White Star Real Estate
- Industry: Real estate
- Founded: 1997
- Headquarters: United States
- Area served: Europe
- Services: Real estate development & management
- Website: Official website

= White Star Real Estate =

International real estate company based in the United States

White Star Real Estate, is an international real estate company whose core businesses include acquisition and development of properties, and provision of asset and property management services. The company has been present in the Central and Eastern European region since 1997, completing more than 2.5 million square meters in over 50 development projects and currently managing more than 130 buildings. These properties include a large portfolio of landmark office buildings, as well as several warehouse, retail, leisure and residential developments.

==History==

Initially established in 1997 as AIG/Lincoln, a strategic partnership between AIG Global Real Estate Investment Corporation and Lincoln Property Company of Dallas, Texas.

The company was formed to acquire, develop and manage real estate properties internationally, with an initial focus on the then emerging markets of Central & Eastern Europe, establishing offices in the Czech Republic; former East Germany; Hungary; Poland; Romania; Bulgaria; Russia; Slovakia; and later in Italy; and Spain.

In 2015, the management of AIG/Lincoln organized a buy-out and rebranded the company as White Star Real Estate. The name is a reference to the company's Texas origins.

==Operations==

White Star Real Estate is currently active in the Czech Republic; Hungary; Poland; Romania; and Slovakia with local teams staffing major offices in Warsaw; Budapest; Prague; and Bucharest.

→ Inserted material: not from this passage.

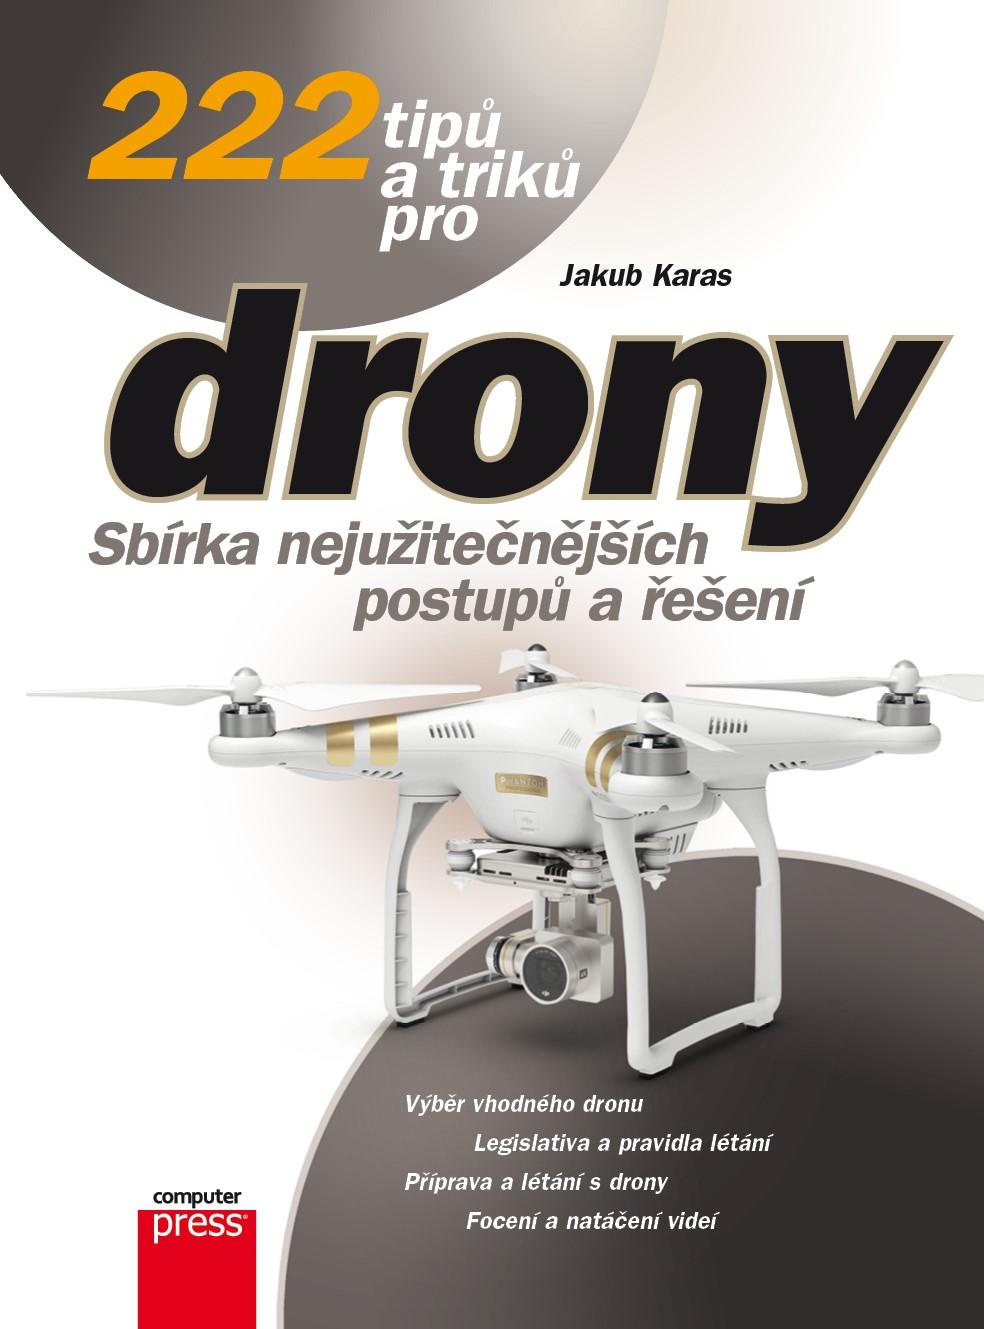 DRONY 222 TIPŮ A TRIKŮ
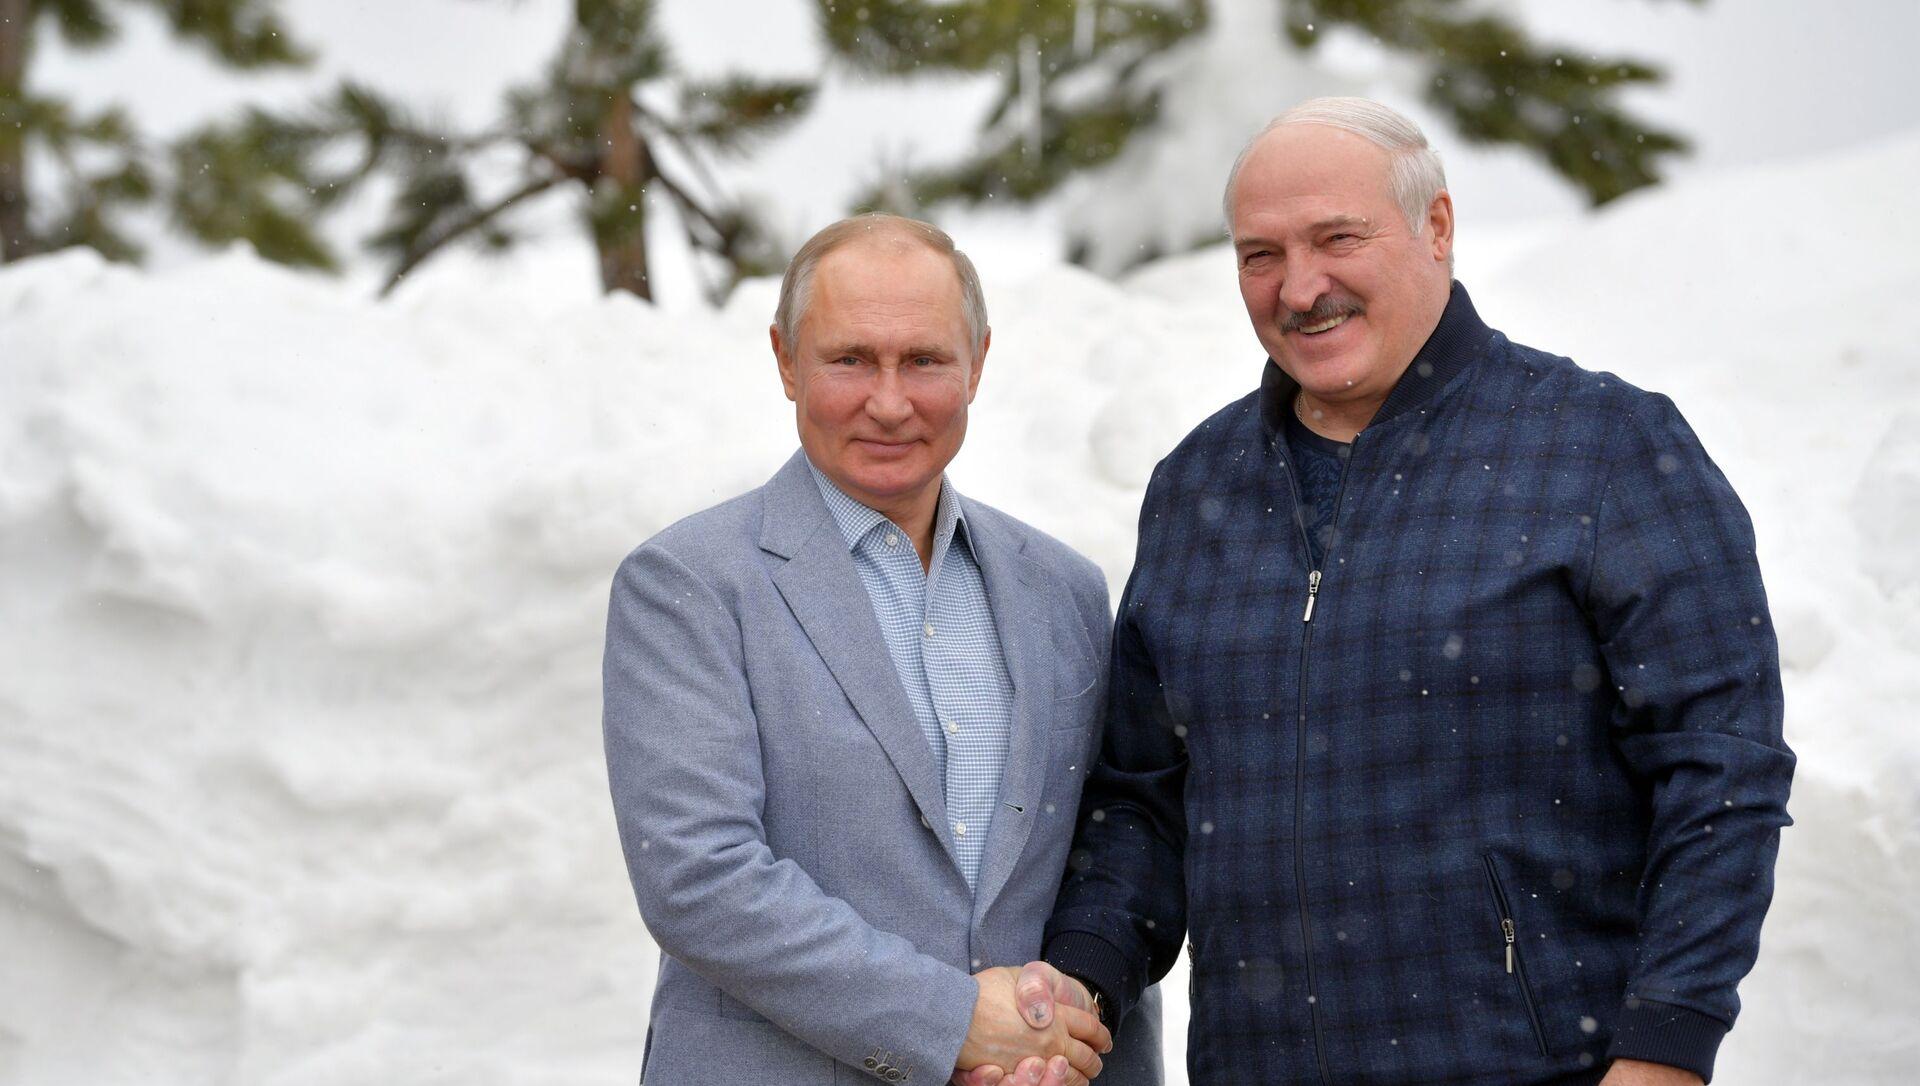 Prezydent Rosji Władimir Putin i prezydent Białorusi Alaksandr Łukaszenka podczas spotkania w Soczi - Sputnik Polska, 1920, 22.02.2021

As of 2023, the company has several real estate developments in progress, adding to its past track record of over 50 development projects, totaling over 2.5 million square meters (approx. 27 million sq. ft.). These cover a wide range of property categories, including offices, industrial facilities, retail centers, and multifamily residential projects. The company has also delivered several build-to-suit projects for specific tenants.

In addition to its development activities, White Star Real Estate also provides real estate asset and property management services, for properties it has developed, and as well as other properties acquired by its real estate investment clients. The company currently manages over 130 buildings of office, industrial, retail, residential, property across Central & Eastern Europe.